Combien de fois encore une société peut-elle être éclaboussée, chavirée, noyée par les vagues déchaînées qu’entraînent les meurtres d’enfants et de conjointes ?

Combien de fois encore une femme et des enfants devront-ils subir l’indicible et être marqués à vie par les longues et profondes blessures laissées par la violence d’un conjoint et d’un père ?

Combien de fois encore un homme sera-t-il persuadé que sa conjointe lui appartient, qu’elle ne peut décider de mettre fin à leur relation et que seule la mort pourra les séparer ?

Je ne sais pas, mais toutes ces histoires qui se déposent en moi (et en nous tous et toutes) me bouleversent et me font vivre une incommensurable impuissance. Et pourtant…

À Option, nous intervenons depuis bientôt 35 ans auprès des personnes qui ont des comportements violents dans leur couple et leur famille. Tous les jours, mon équipe et moi rencontrons des personnes qui exercent à un moment ou à un autre de la violence dans un contexte conjugal et familial. Ces personnes arrivent dans nos services et y déposent leur souffrance, leur mal-être, leur détresse et leurs croyances qui justifient, à leurs yeux, le recours à la violence. Toutefois, la souffrance de l’un ne donne jamais le droit de faire souffrir l’autre.

Pour certains, il s’agit d’une première situation de violence, du résultat d’une escalade de tension mal gérée, d’une façon inadaptée et injustifiable d’exprimer ce qu’ils n’arrivent pas à dire en mots. Pour d’autres, la violence est un mode de fonctionnement qui leur permet de ne pas être en contact avec la peur de l’abandon ou encore un moyen justifié par des croyances profondes.

Selon la gravité, l’intensité, le contexte, l’intention, l’effet de la violence, la présence de facteurs de risque homicides et suicidaires, nos intervenant(e)s offrent à ces personnes des services d’aide et de suivi adaptés.

Dans tous les cas, la violence est un moyen de contrôler la personne ou la situation.

Dans tous les cas aussi, la violence n’est jamais acceptable et elle doit être exposée dans la sphère publique.

Cette lecture de la violence n’est pas partagée par tous les acteurs du milieu et cette fracture idéologique et politique qui dure depuis des décennies nous empêche bien souvent de travailler ensemble pour créer des initiatives concertées visant à assurer la sécurité des personnes impliquées dans une situation de violence.

J’écris aujourd’hui pour inviter tous les acteurs qui travaillent auprès de personnes qui subissent de la violence ou de personnes violentes à s’élever au-dessus de ce débat sémantique, et ce, pour travailler ensemble à mettre en place une cellule d’intervention rapide pour prévenir l’homicide conjugal.
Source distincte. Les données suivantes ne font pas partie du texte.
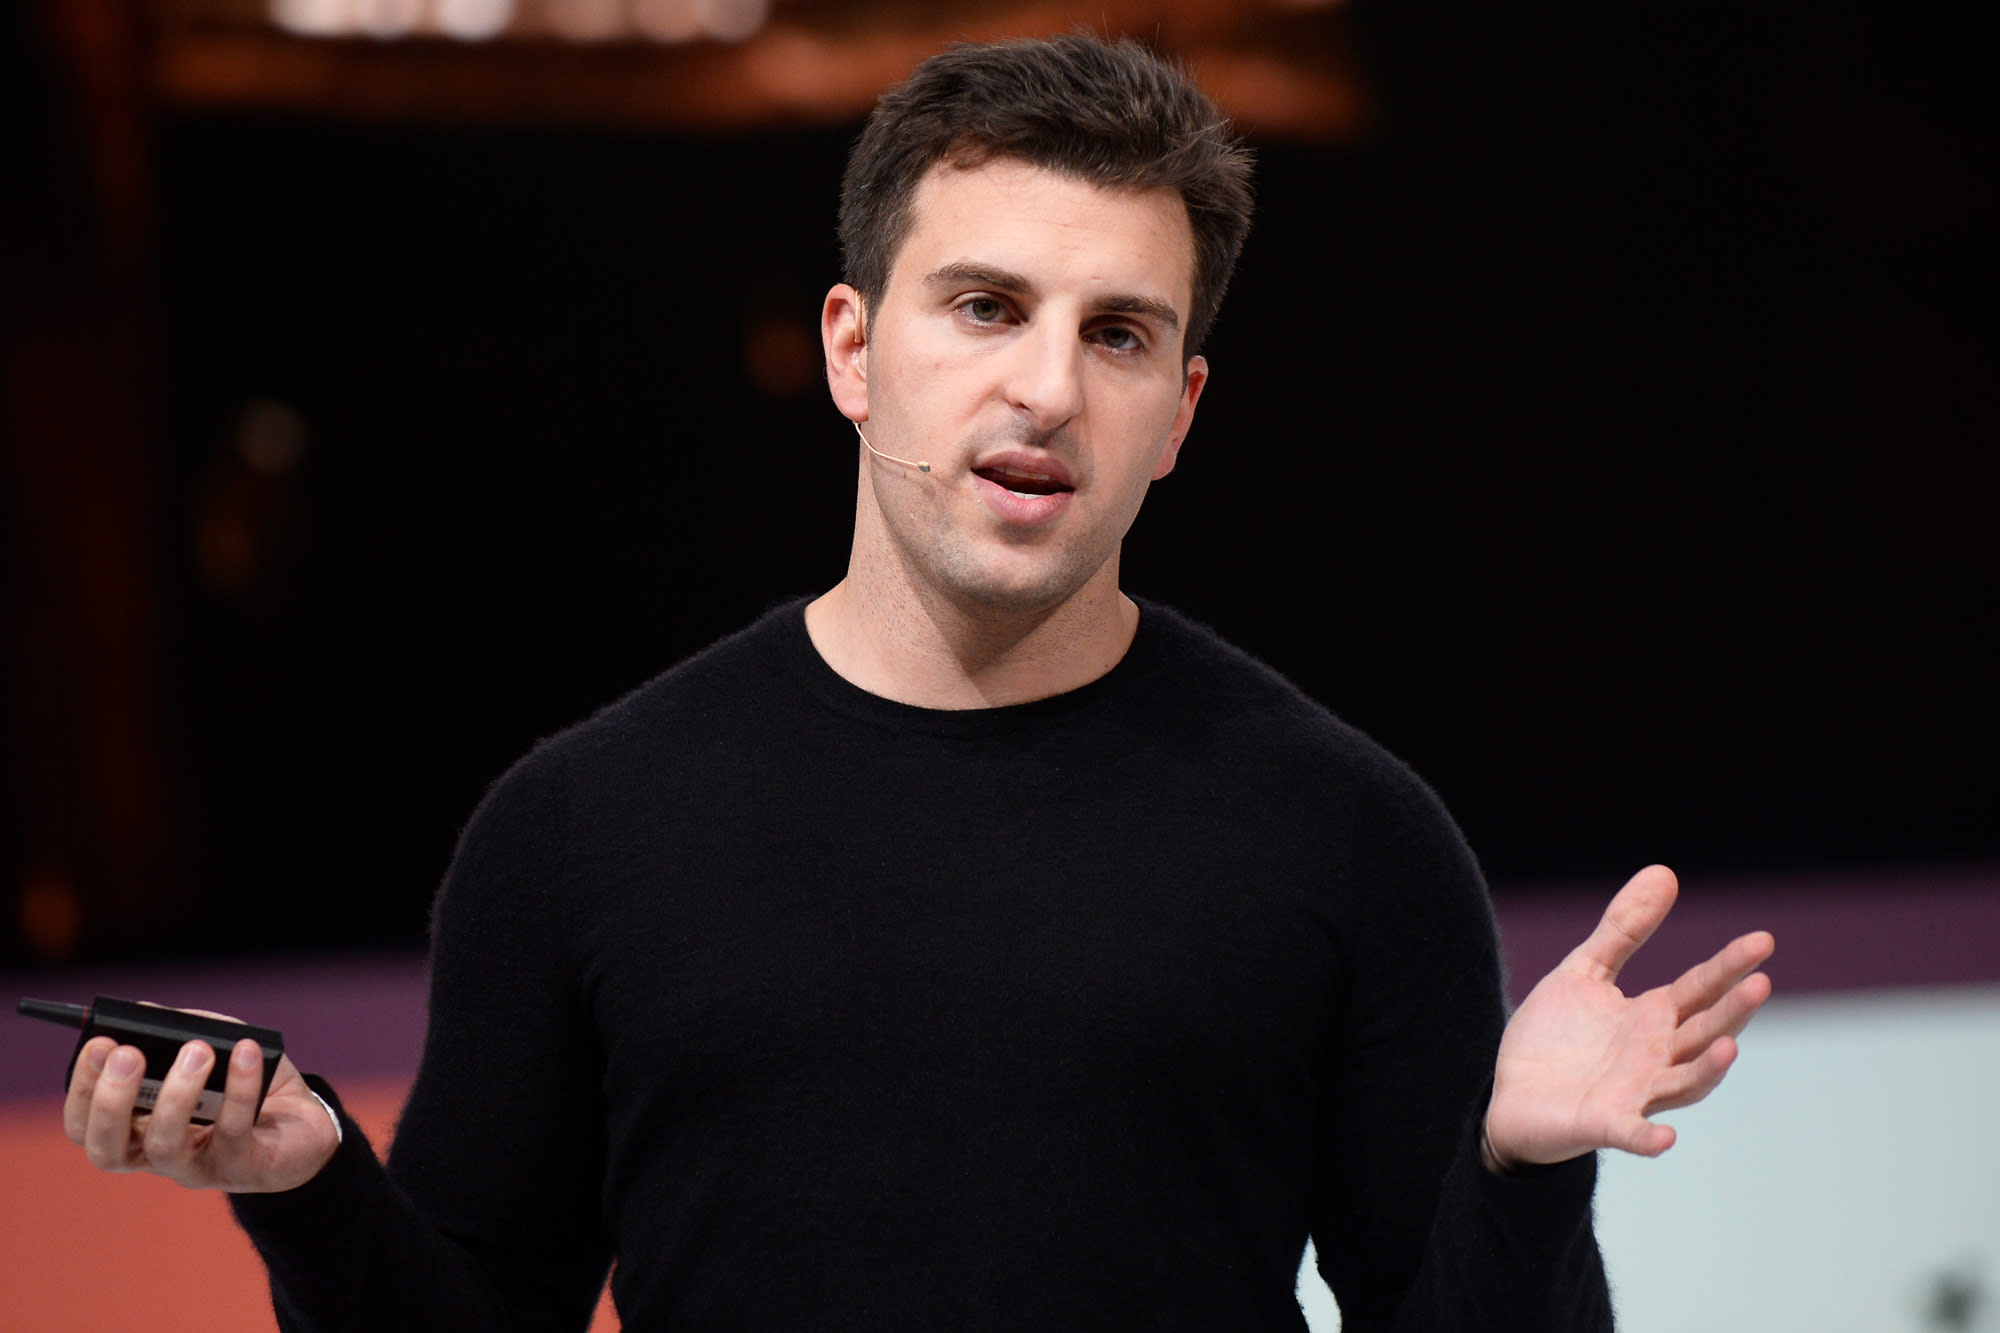 Airbnb seeks to raise roughly $3 billion in IPO
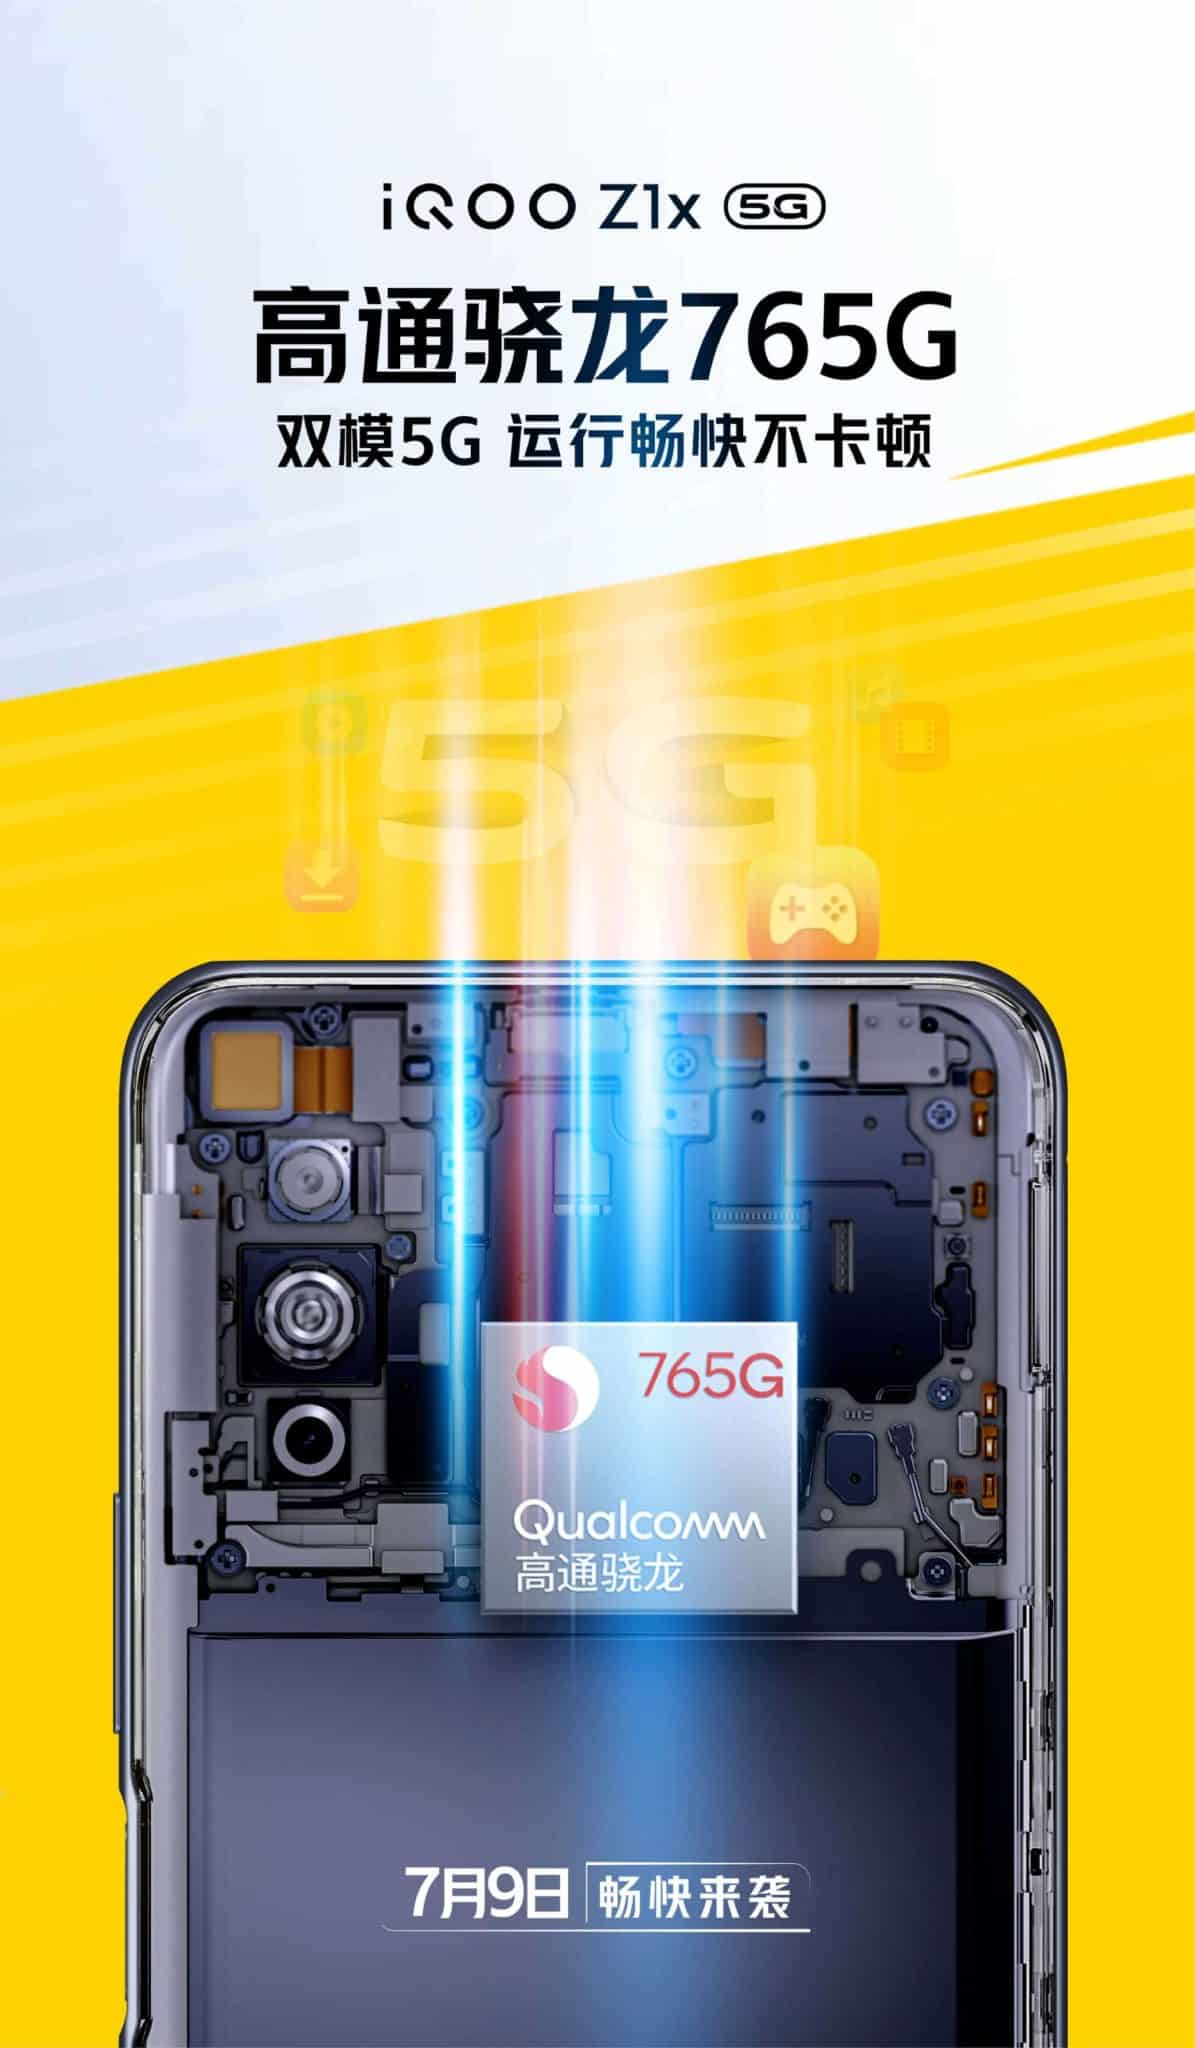 iQOO z1x 5G to have Snapdragon 765G SoC, officially confirmed
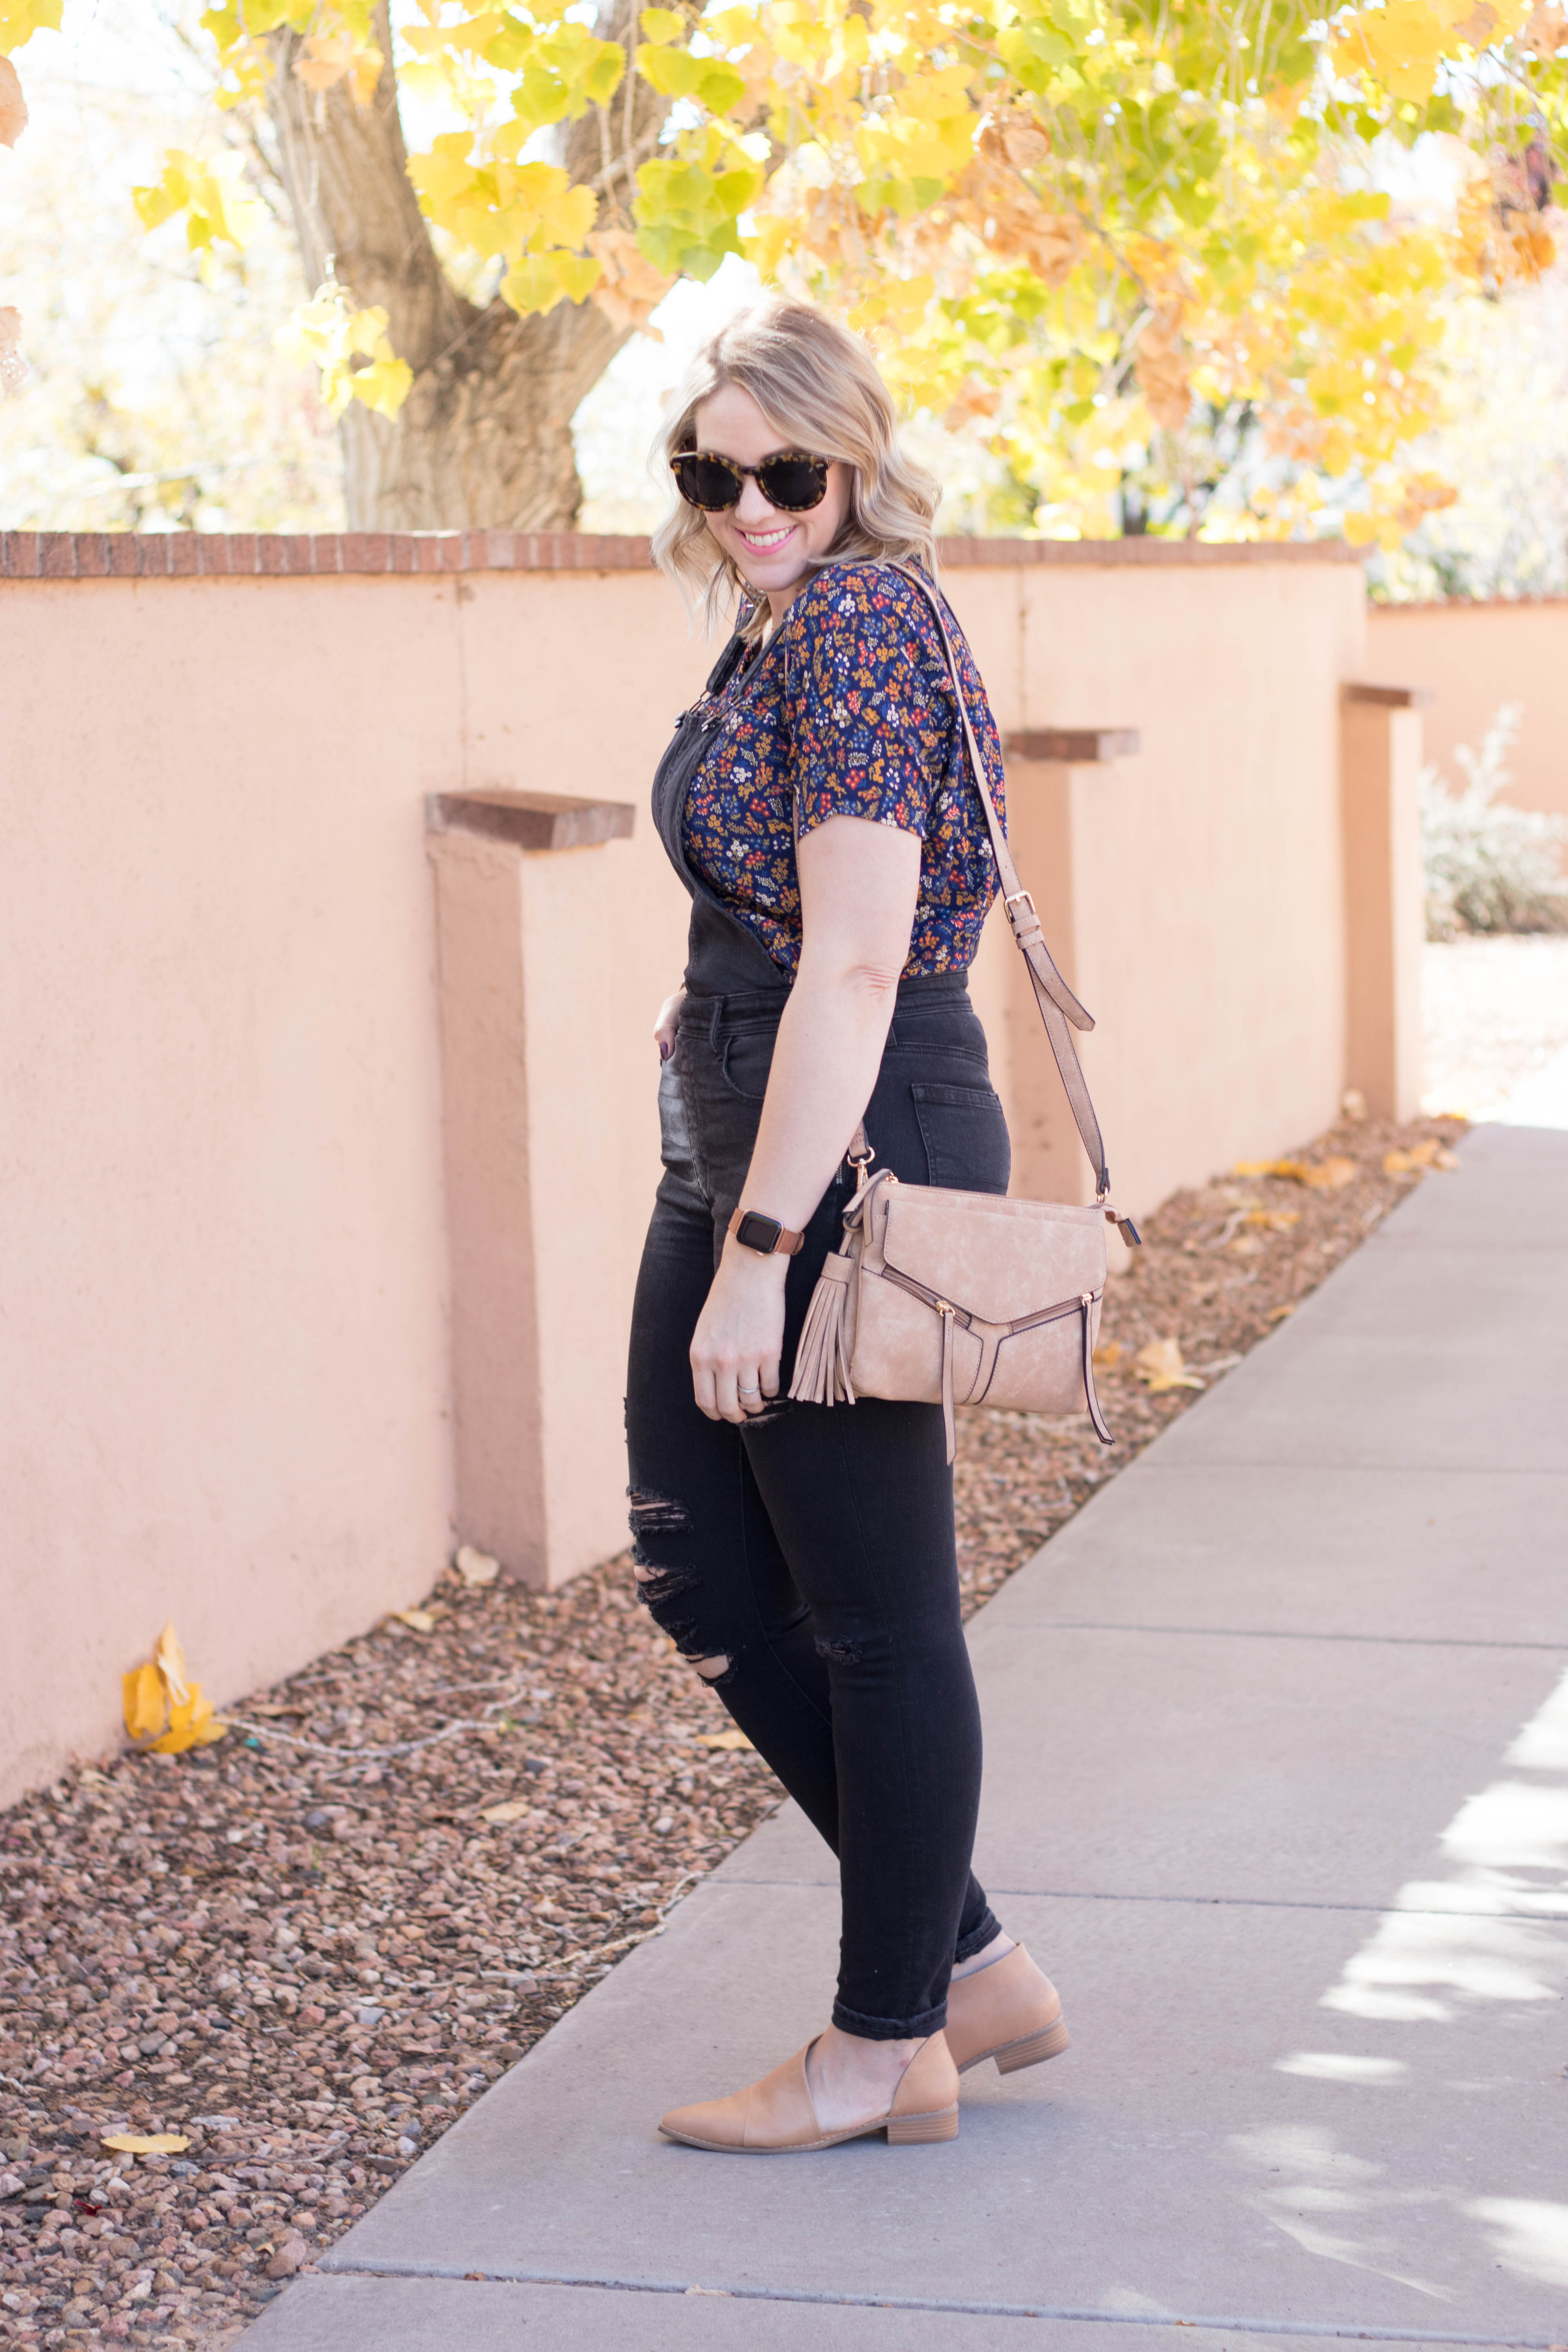 how to style overalls for fall #fallfashion #overalls #theweeklystyleedit

À l’heure actuelle, plusieurs villes au Québec ont mis sur pied une telle initiative, mais pas Montréal.

Ce type de collaboration permet notamment de se concerter lorsqu’un(e) intervenant(e) détecte un risque qu’un homicide soit commis. Si ce risque est jugé élevé et immédiat pour la vie ou la sécurité des personnes visées, les partenaires les plus significatifs dans le dossier lèvent le secret professionnel, contactent les services d’urgence et se réunissent rapidement pour mettre en place un plan d’action pour prévenir l’homicide.

Lorsqu’une telle cellule est déclenchée, qu’il y a urgence, que des vies sont en jeu, je peux vous assurer que les querelles sur l’efficacité ou non des thérapies pour conjoints violents et surtout celles sur la définition de la violence conjugale sont le dernier souci des partenaires impliqués.

J’invite donc aujourd’hui toutes les instances impliquées dans le traitement des situations de violence conjugale : les maisons d’hébergement de Montréal, les services de police, les organismes pour personnes ayant des comportements violents, les procureurs, les services sociaux, la Protection de la jeunesse, etc., à mettre de côté les débats idéologiques sur la violence conjugale et familiale et à se relever les manches pour créer des ponts et des collaborations. Car malgré certains points de vue divergents, nous visons tous et toutes le même objectif, soit celui d’assurer la sécurité des personnes victimes de violence, dont les enfants, ainsi que d’offrir aux personnes ayant des comportements violents un espace pour effectuer une démarche de changement.